Inquiries: Lists of agencies or organizations that have requested your credit report

1.5 Credit Score and Reports

A credit score is a three-digit score that is derived from an individual’s credit report. It is a prime predictor, according to lenders, of the likelihood one may default on repaying a loan. FICO, a leading US credit rating agency, uses the range of 300 (low) to 850 (high).

1.5 Good Debt vs. Bad Debt

Halal or Haraam?

• The Islamic legality should be looked into before borrowing

• Interest-based borrowing is NOT allowed according to Islamic principles.

Acquiring debt for short-term consumption

• This involves acquiring significant debt for short-term items, such as consumer products, vehicles and vacations.

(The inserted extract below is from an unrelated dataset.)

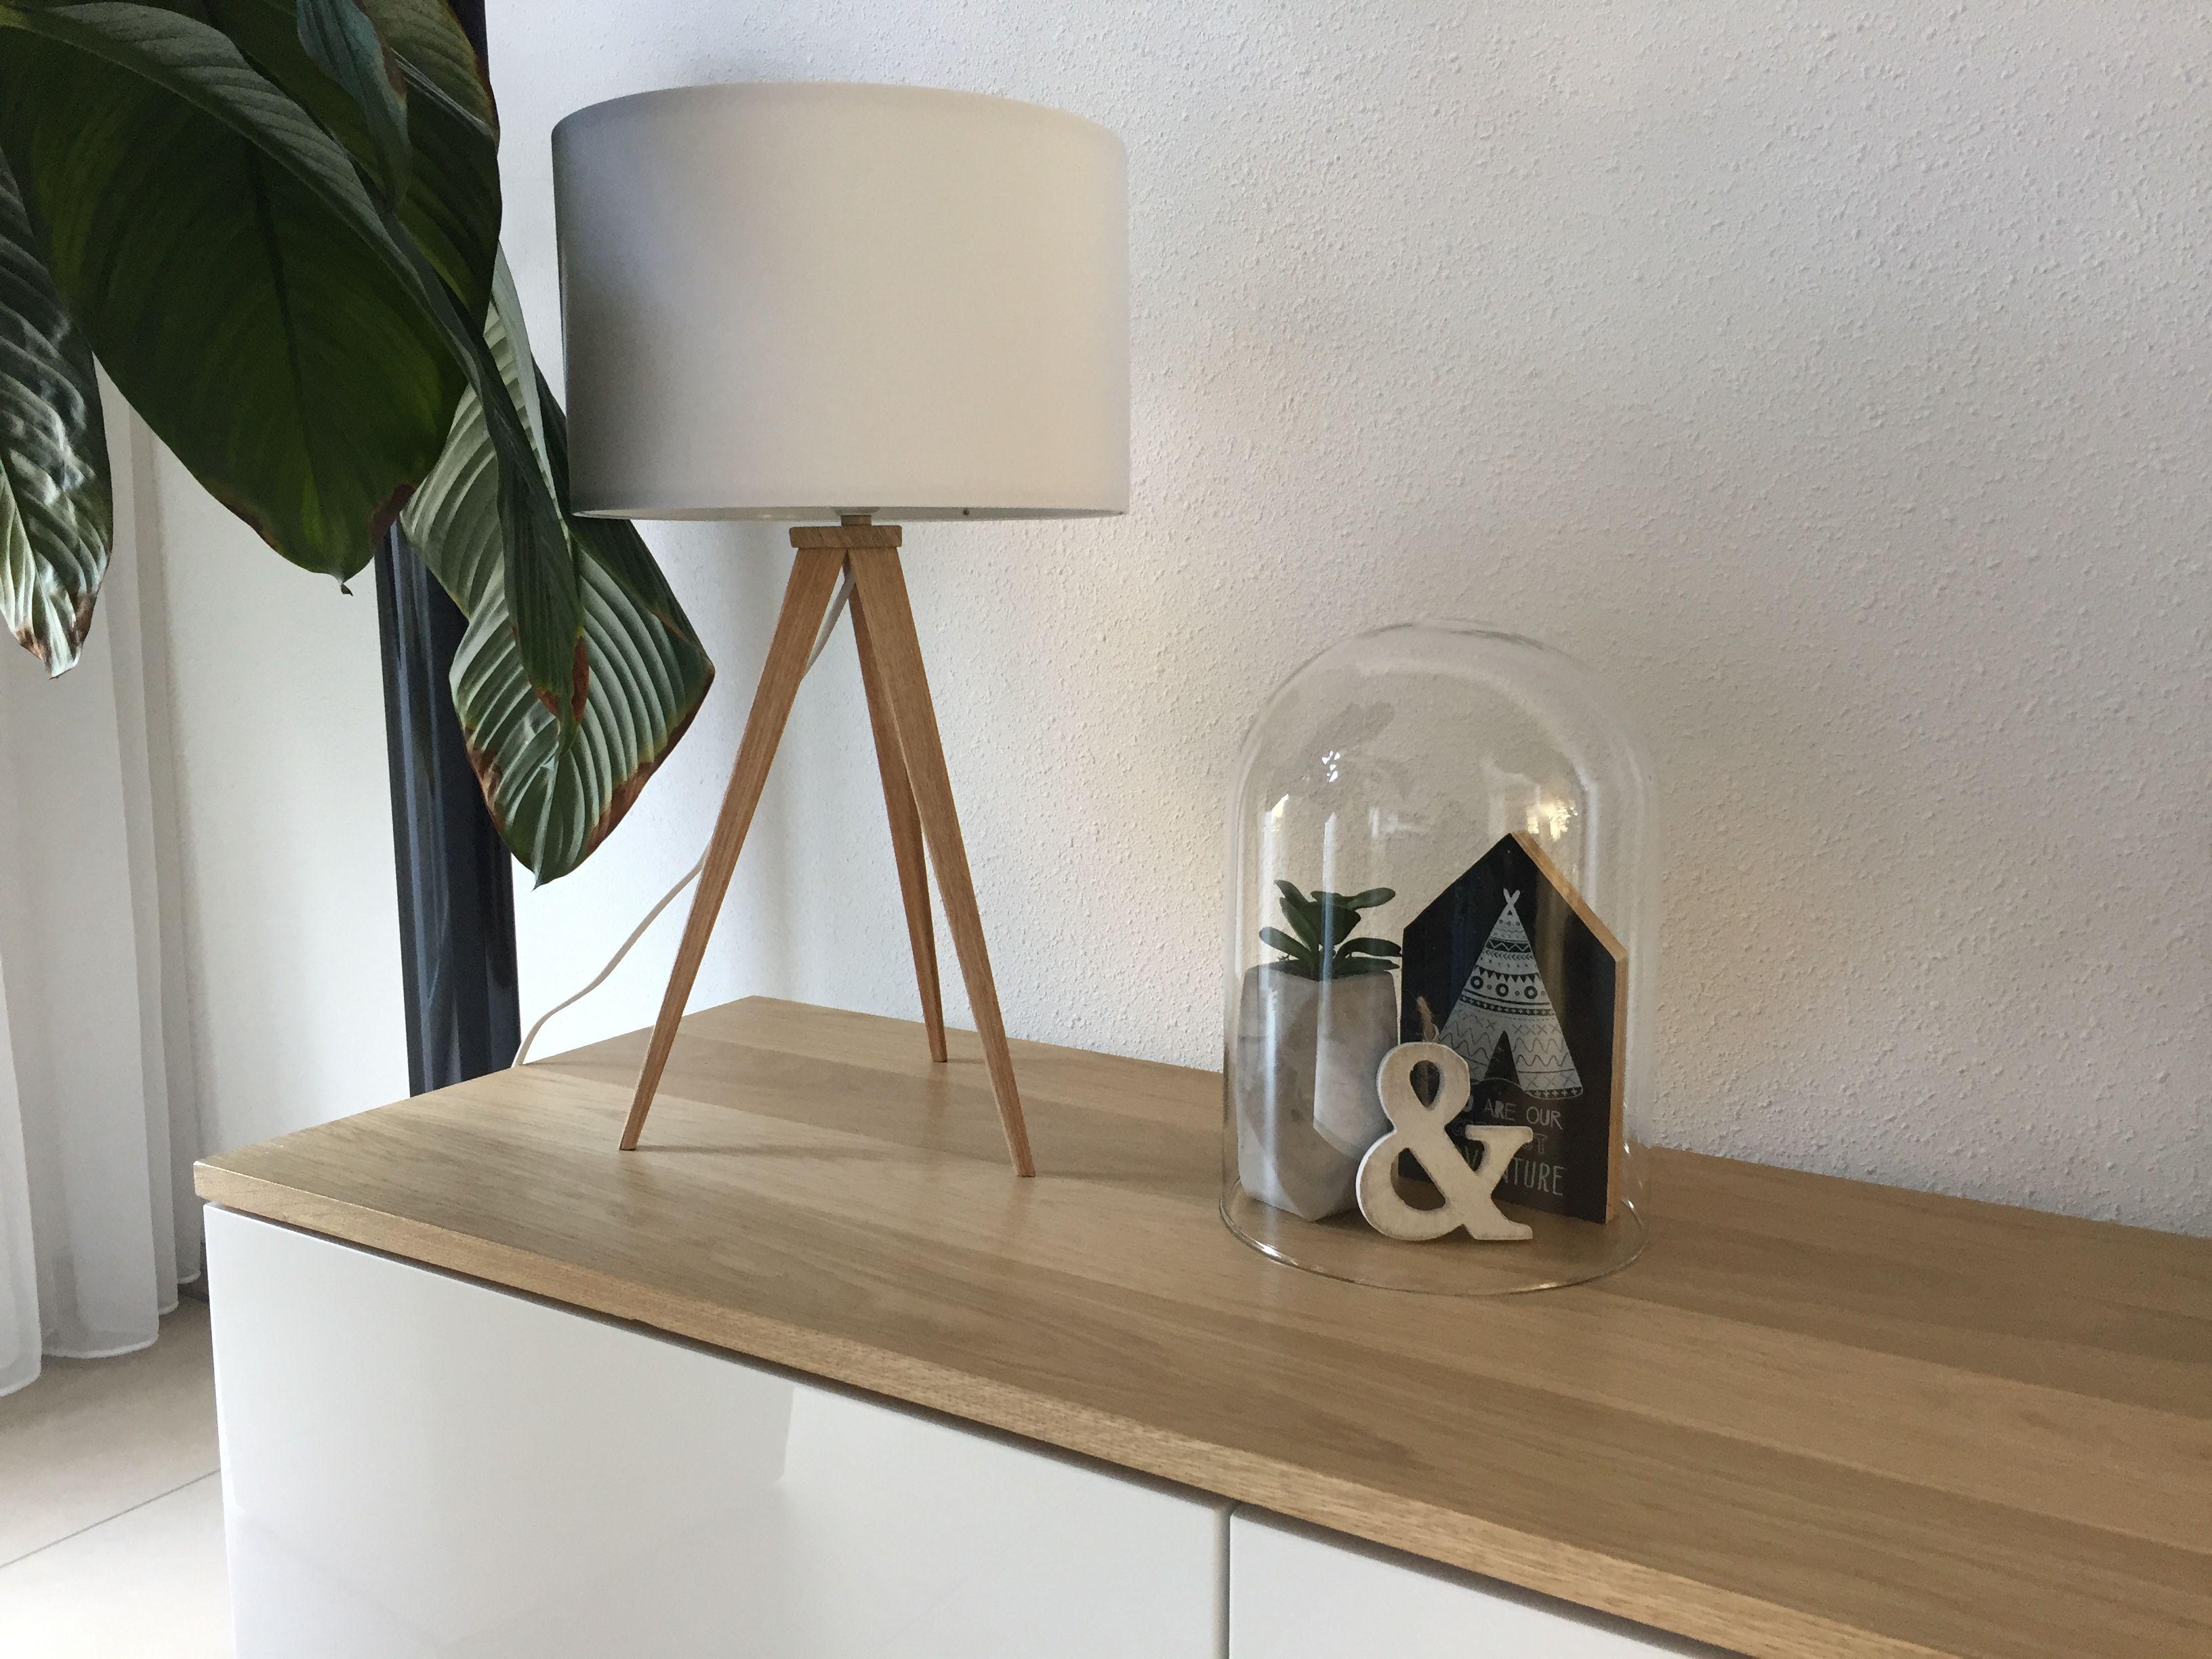 Bureaulamp Industrieel Kwantum Industriele Hanglampen Lamp

• This type of borrowing is not preferable and is detrimental to one’s financial health.

Acquiring debt for long-term investment

• This type of borrowing involves acquiring significant debt for long-term items, such as college education or home purchase.

1.6 Debt OverloadKey Points to take note of well dealing

with debt

Debt Overload Ratio = total debt / annual income (should be ideally 10 – 20% of one’s annual income)

Beware of the lure to easy credit

Beware of the effect that debt can have to those around you

Although, good debt is preferable to bad debt, too much good debt is also not a good thing.